In the thirty years since The Thin Blue Line and many other “postmodern” documentaries first began breaking down previously held boundaries between fiction and documentary, the pressures on truth and objectivity have only gotten stronger. As Erika Balsom writes: “We live in an age of ‘alternative facts,’ in which the intermingling of reality and fiction, so prized in a certain kind of documentary practice since the 1990s, appears odiously all around us.”5 Balsom further argues that the popularity of essay films “with their meditative, questioning voice-overs” is part of a current orthodoxy that maintains that reality is best accessed through artifice while confirming “a smug and safe position for maker and viewer alike, guarding both against being caught out as that most sorry of characters: the naïve credulist.”6 Linda Williams once viewed documentary’s turn toward reflexivity, artifice, and performativity as a response to technological change and a resistance to cynicism.7 Balsom, however, suggests that today these same strategies of artistic mediation that have become commonplace staples of documentary merely serve to reproduce and reinforce epistemological anxieties concerning an increasing indiscernibility between fact and fiction.8
In attempting to expose the “truth” about this story of deception, Gibney appears to want to provide an authoritative truth about Elizabeth Holmes while still acknowledging his inability to provide any definitive answers. This performative failure to access Holmes’s motivations is not the guarantee of humility and authenticity that Gibney wants it to be. Rather, it indicates Gibney’s failure to resist his masculinist framework while supporting his own unflappable desire to render judgment with smug satisfaction. While the story of Theranos has the potential to act as a truth serum to ward off magical fantasies about quick technological fixes for urgent and large-scale problems, from the pandemic to climate change, The Inventor is cynical about the power of story even as it capitalizes on a story too good to resist.

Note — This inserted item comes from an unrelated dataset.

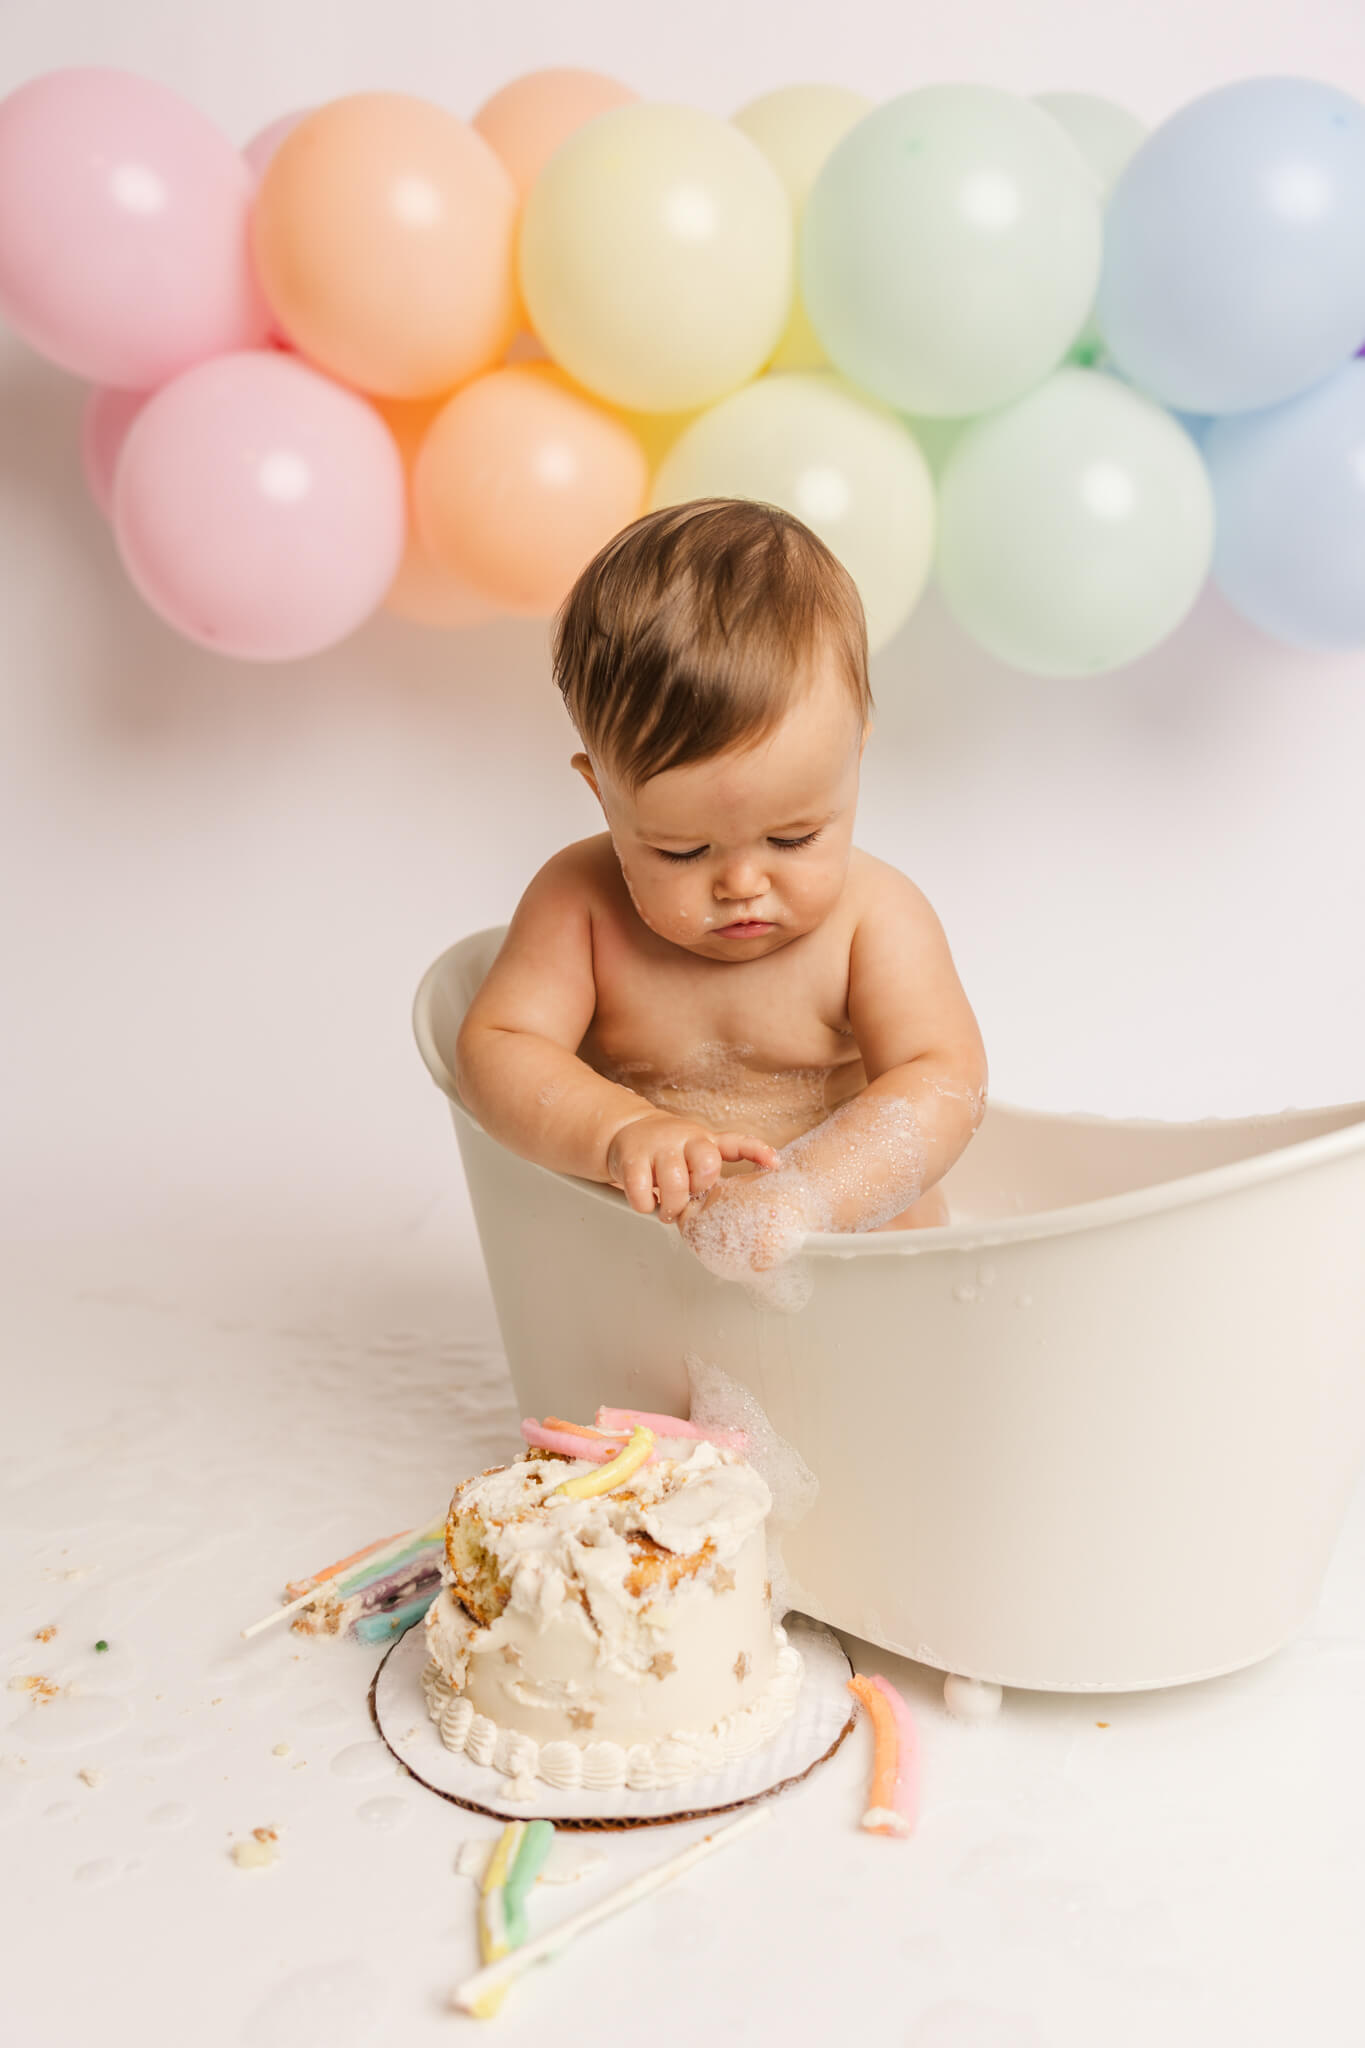 One year old girl getting cleaned up in bathtub after cake smash session.

1. Paul Arthur, “Jargons of Authenticity (Three American Moments),” in Theorizing Documentary, ed. Michael Renov (New York: Routledge, 1993), 127. 2. Daniel A. Gross, “‘The World Is, of Course, Insane’: A Conversation with Errol Morris,” New Yorker, October 28, 2019, http://www.newyorker.com/culture/the-new-yorker-interview/the-world-is-of-course-insane-errol-morris-interview. 3. Gross, “‘The World Is, of Course, Insane,’” 2019. 4. Gross, “‘The World Is, of Course, Insane,’” 2019. 5. Erika Balsom, “The Reality-Based Community,” e-flux 83 (June 2017), http://www.e-flux.com/journal/83/142332/the-reality-based-community/. 6. Balsom, “The Reality-Based Community.” 7. Linda Williams, “Mirrors without Memories: Truth, History, and the New Documentary,” Film Quarterly 46, no. 3 (Spring 1993): 9–21. 8. Balsom, “The Reality-Based Community.”